The US and EU Are Cozying Up to Include Euro Batteries in New EV Tax Law
Negotiations could lead to more EVs being eligible for the reformed EV tax credit.
The United States and European Union will "immediately" begin negotiations aimed at bolstering EV adoption by saving Americans thousands of dollars on their next EV purchase through the reformed EV tax credit program.
More specifically, the discussions are slated to focus on EV battery components—namely the minerals used in the chemical makeup. The end goal is to include minerals extracted and processed in Europe to count toward the requirements in the revised clean vehicle tax credit portion of the Inflation Reduction Act.
"[W]e intend to immediately begin negotiations on a targeted critical minerals agreement for the purpose of enabling relevant critical minerals extracted or processed in the European Union to count toward requirements for clean vehicles in the Section 30D clean vehicle tax credit of the Inflation Reduction Act," reads the joint statement issued by the White House late last week. "This kind of agreement would further our shared goals of boosting our mineral production and processing and expanding access to sources of critical minerals that are sustainable, trusted, and free of labor abuses."
Now, the exact details of the EV tax credit are still unknown, however, the U.S. government has repeatedly said that it would unveil the requirements and benefits this month.
Based on earlier communication from officials, the new EV tax program's $7,500 tax credit is contingent on several factors beyond the previous program's cap on EVs sold. Unlike the old tax credit, which only benefited buyers by reducing the amount of owed tax at the end of the year, the new program is aimed at extending the option for dealerships to offer a $7,500 credit at the point of sale, meaning that buyers may not have to wait until tax time to get their deduction on new qualifying EVs—qualifying being the operative word.
In previously issued preliminary guidance, the U.S. noted that certain percentages of battery materials must be sourced either domestically or from a country that qualifies as a free-trade partner. Moreover, materials or production means sourced from certain countries "of concern" (such as China, Russia, or North Korea) would automatically disqualify a vehicle from receiving the tax credit. Money is also expected to play a factor, meaning that a filer's annual income or the final price of a vehicle would affect the eligibility to receive the tax credit.

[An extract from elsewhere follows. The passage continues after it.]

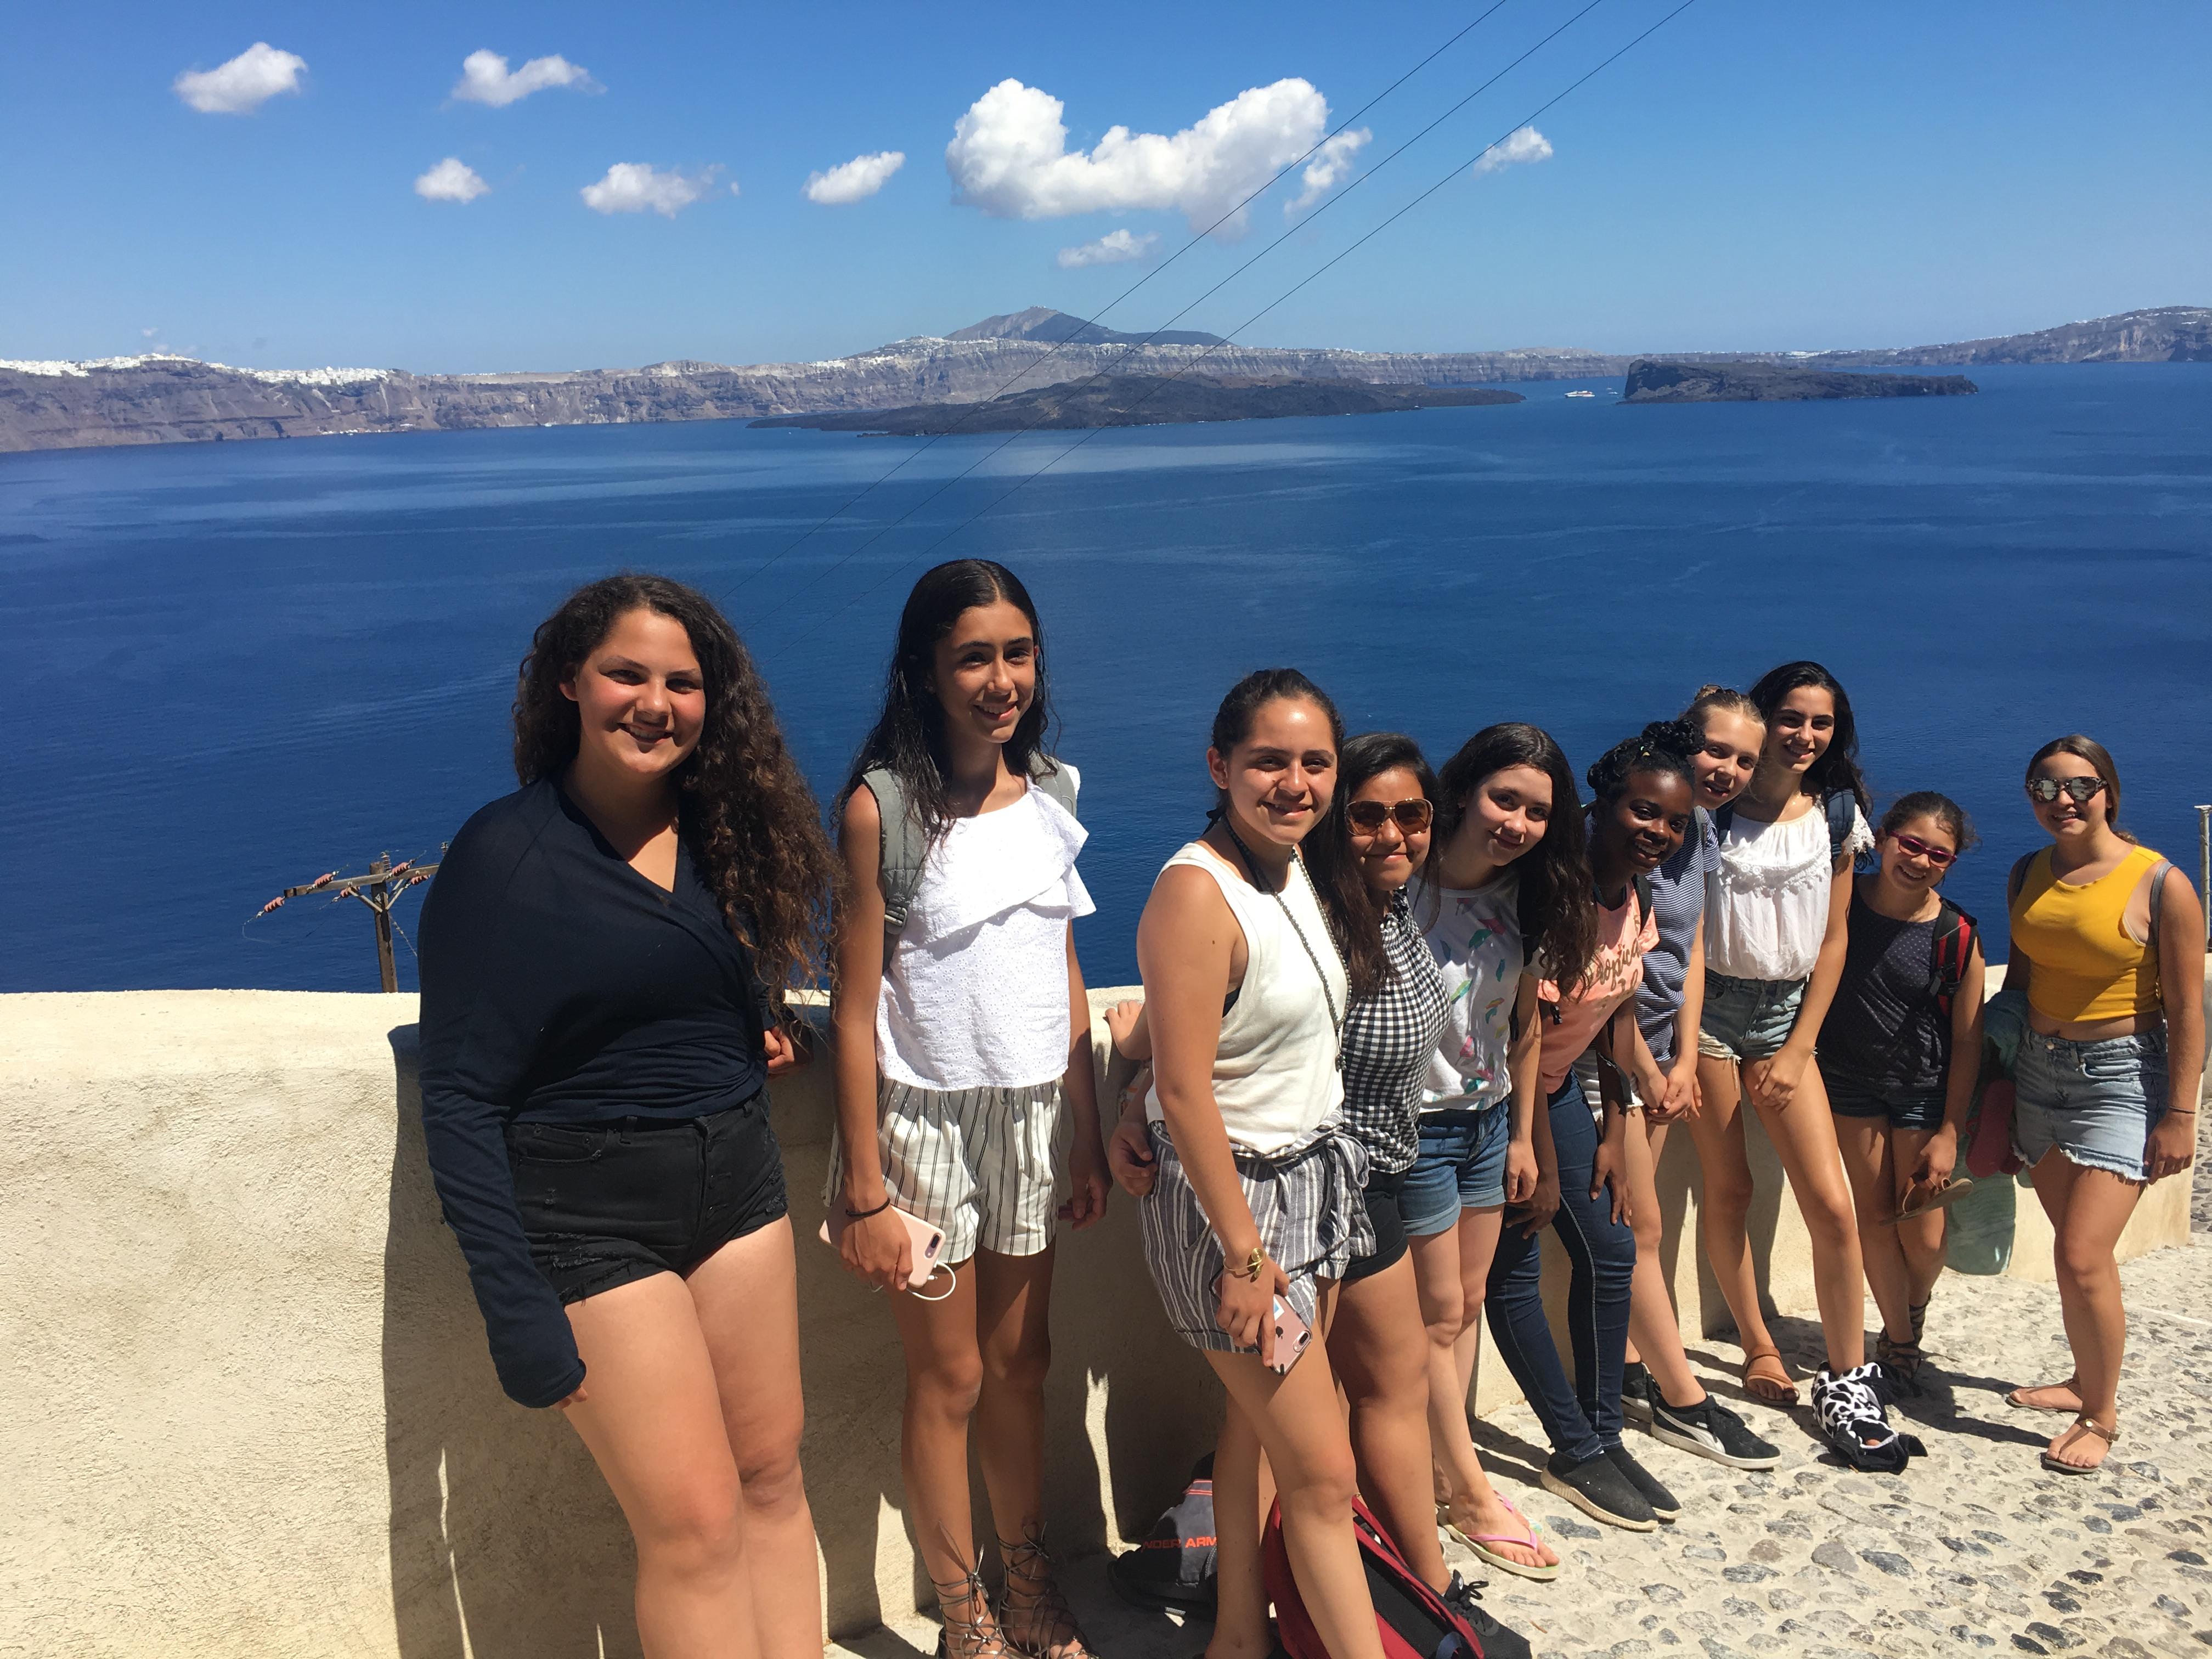 Greece_Youth_Panorama_Islands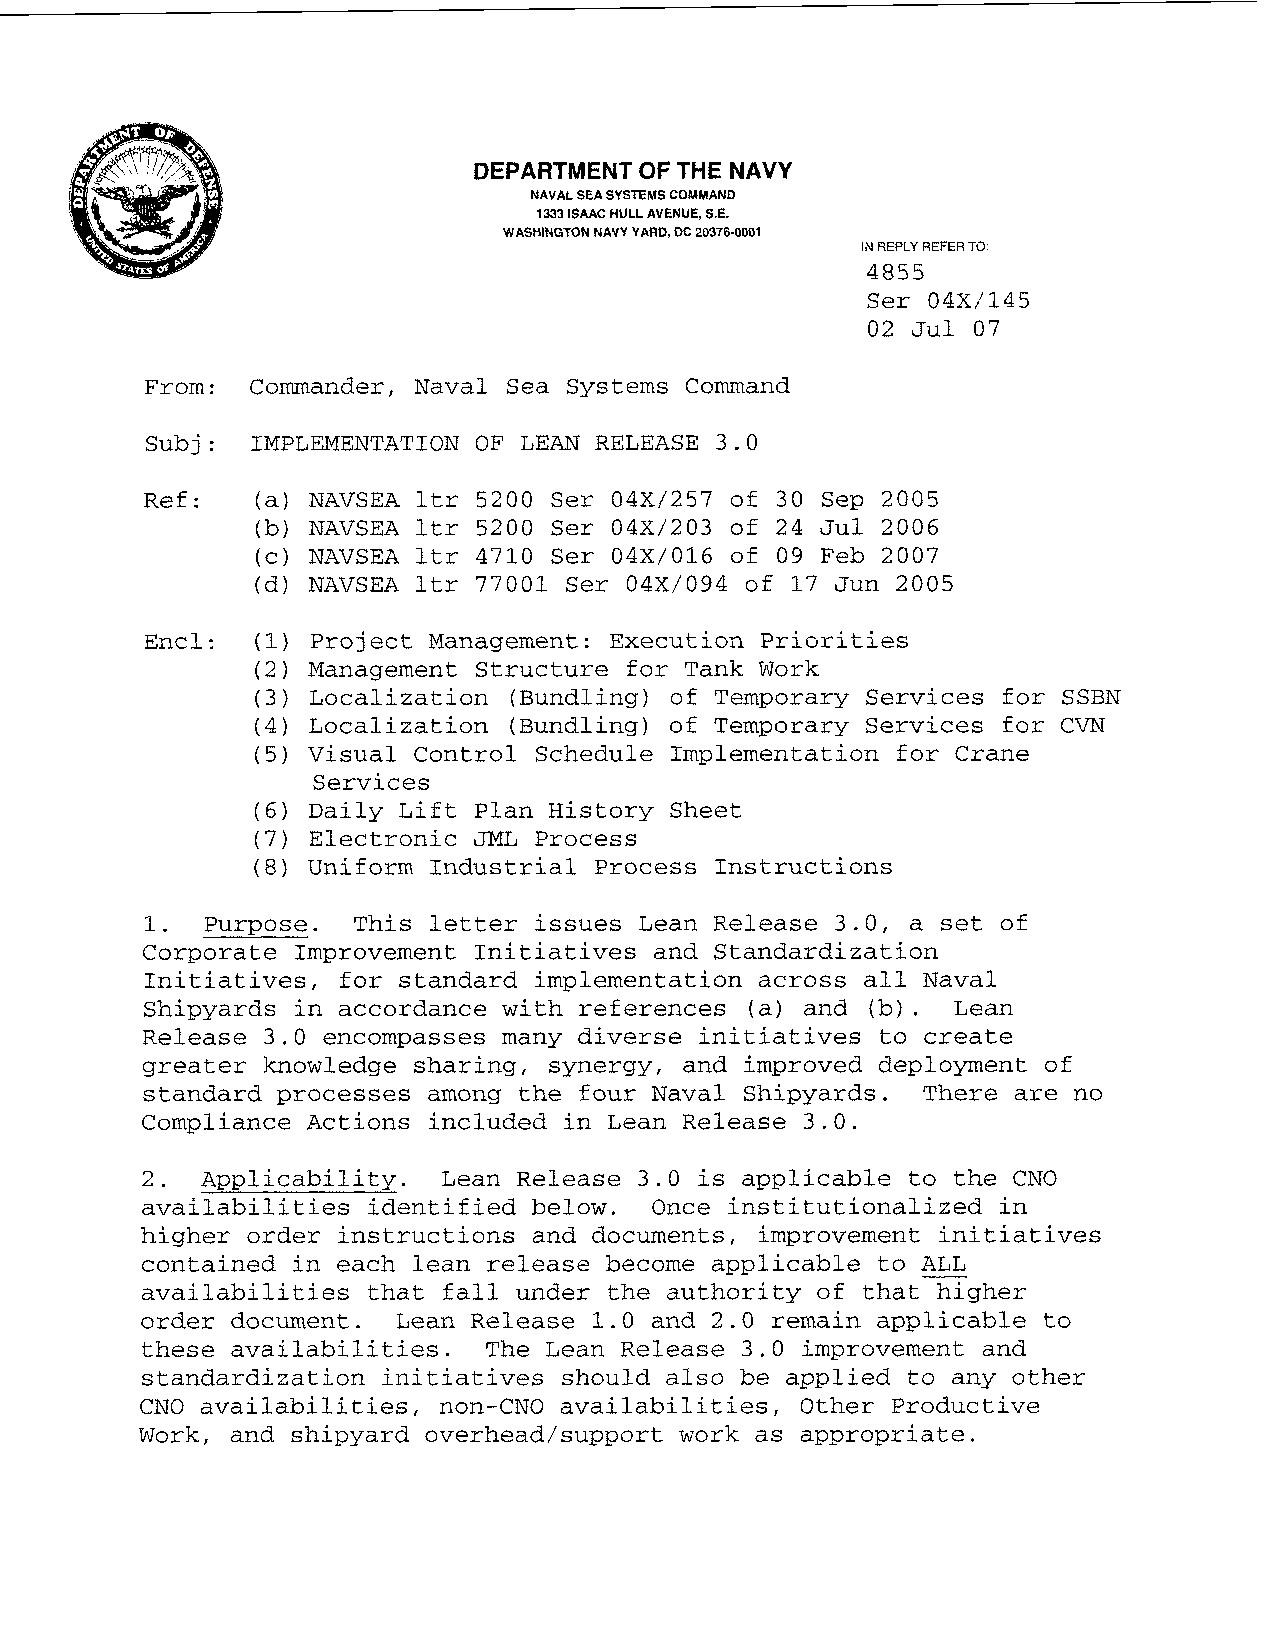 Naval Letter format Usmc Template - Naval Letter format Letterhead Copy 8 Best Navy Correspondence

The negotiations, if successful, will allow for EVs and battery components produced in Europe to qualify for the same subsidies as EVs produced domestically.
The requirements in the Inflation Reduction Act have been fairly controversial to some automakers and their parent countries. Hyundai, for example, went to bat alongside the South Korean Ministry of Foreign Affairs, which suggested that the IRA might actually violate existing free trade agreements. A spokesperson for the European Commission also called the act "discriminatory" toward foreign manufacturers and suppliers. However, based on last week's joint statement, it would appear that the U.S. is willing to work toward amicable, consumer-friendly solutions, so as long as certain requirements can be negotiated.